● **Task brief**: The required answer is the run of lines from the one holding "Rochie neagra cu broderie multicolora" to the end of the data below, copied exactly and free of pictures.

● **Source data**:
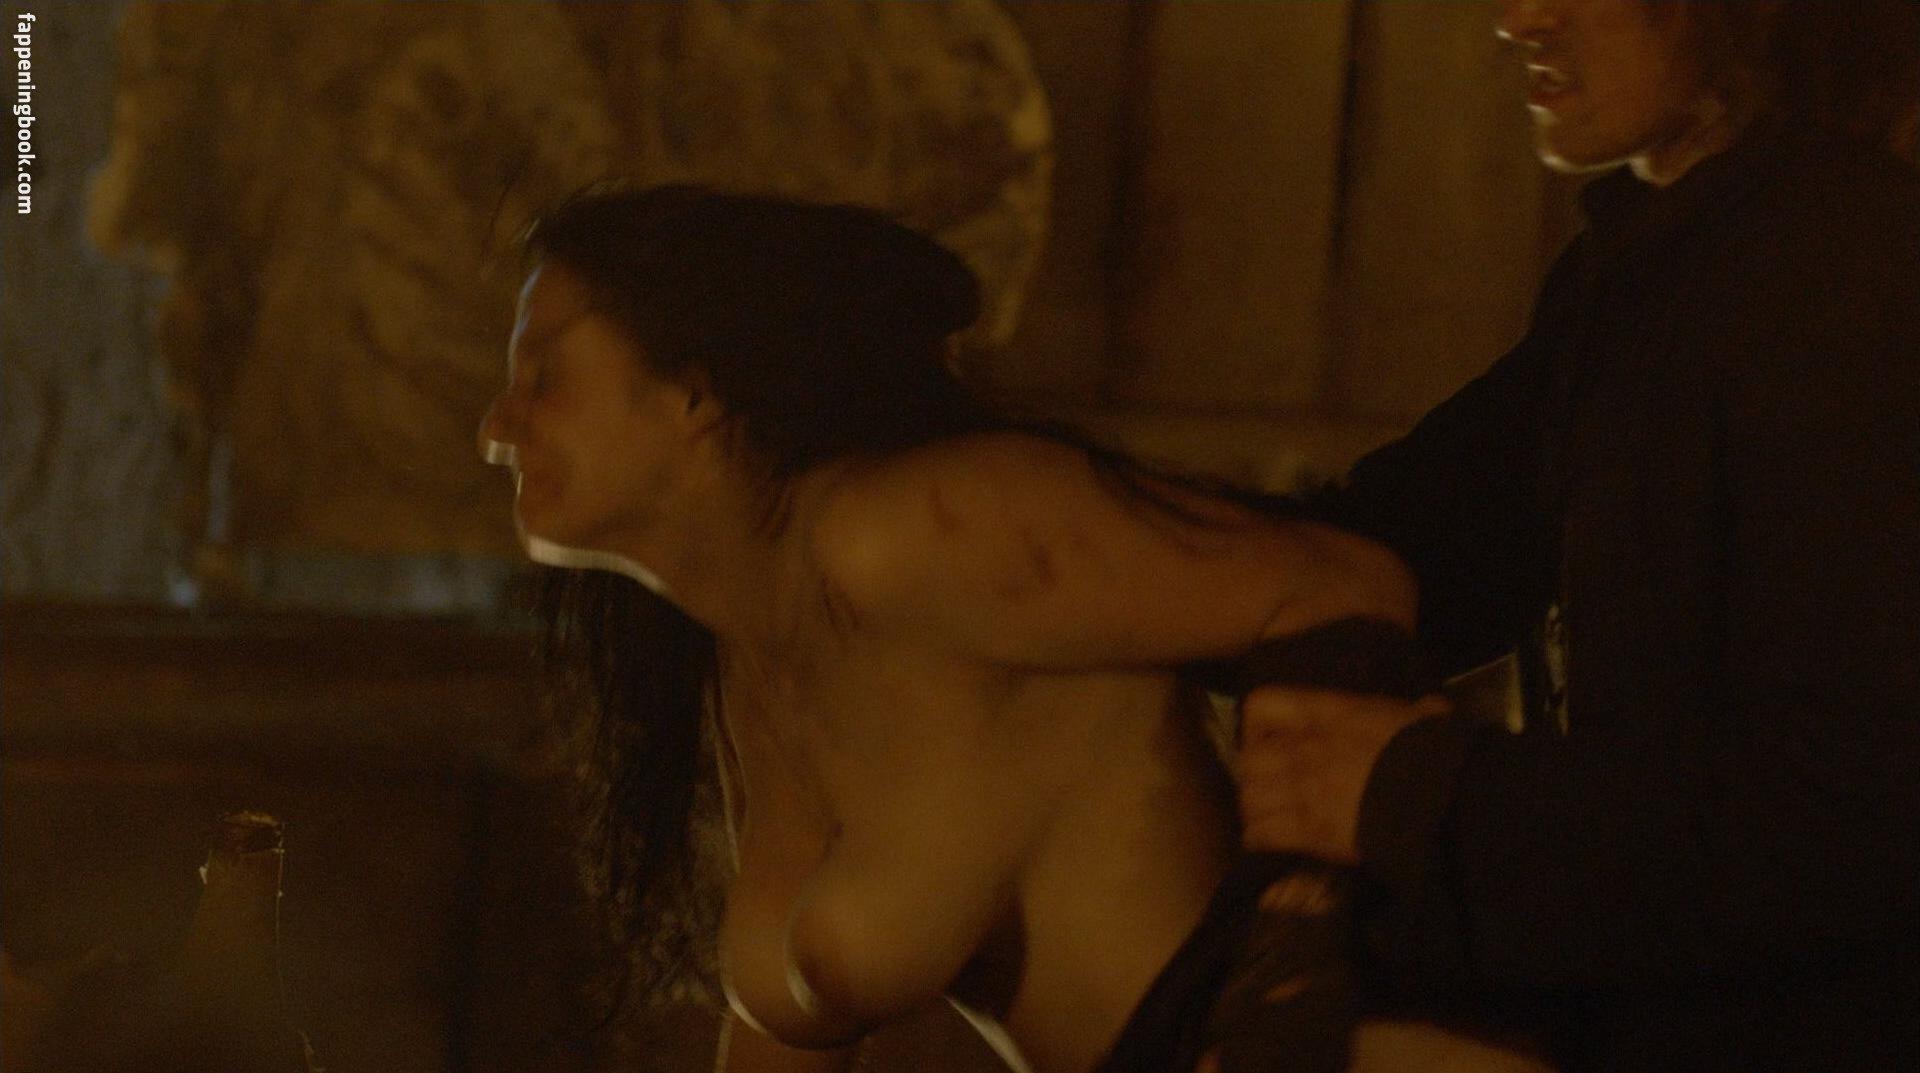 Aeryn Walker Porno aeryn walker nude, sexy, the fappening, uncensored - photo
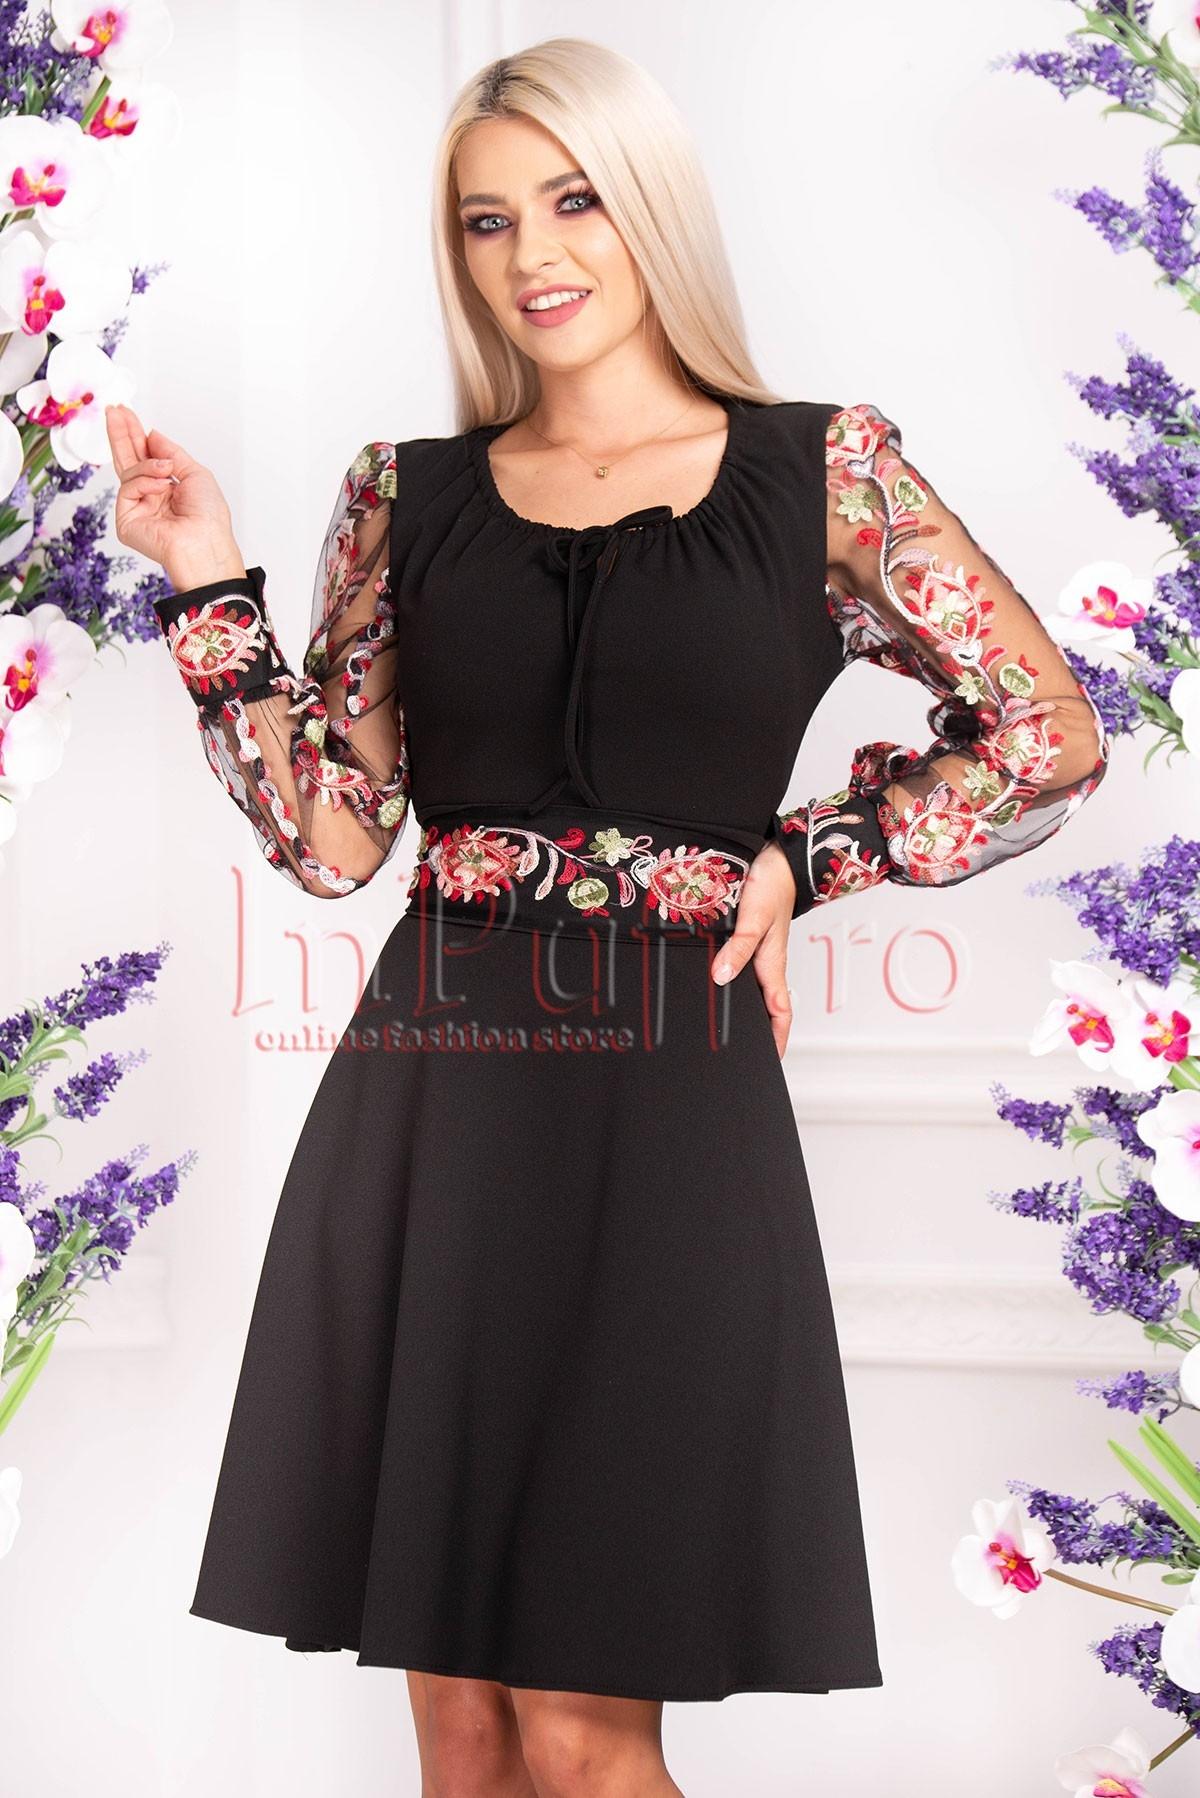 Rochie neagra cu broderie multicolora
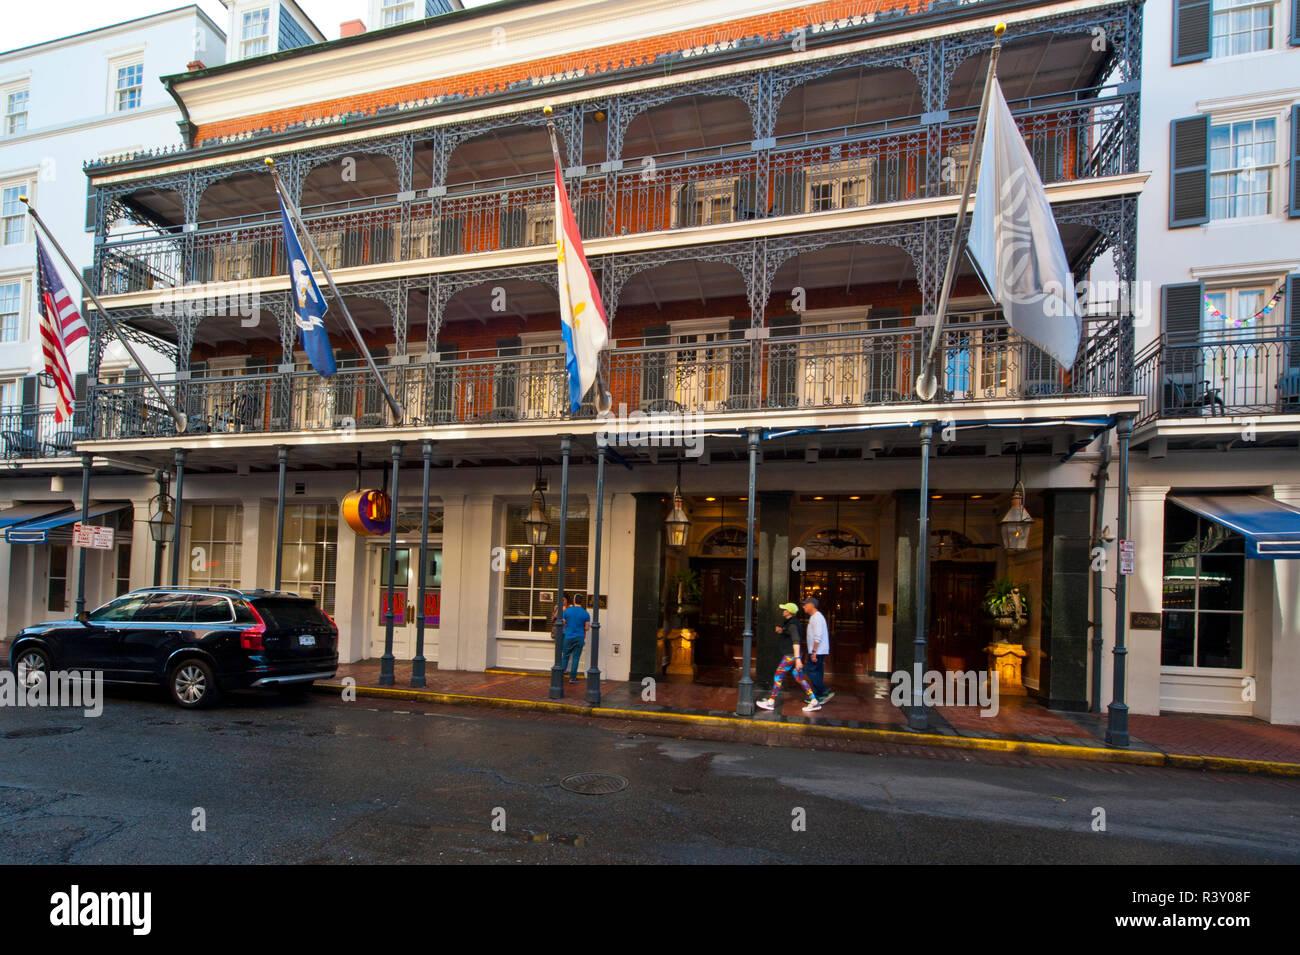 Usa Louisiana New Orleans French Quarter Royal Sonesta Hotel Stock Photo Alamy

● **Task solution**:
 Rochie neagra cu broderie multicolora
 Usa Louisiana New Orleans French Quarter Royal Sonesta Hotel Stock Photo Alamy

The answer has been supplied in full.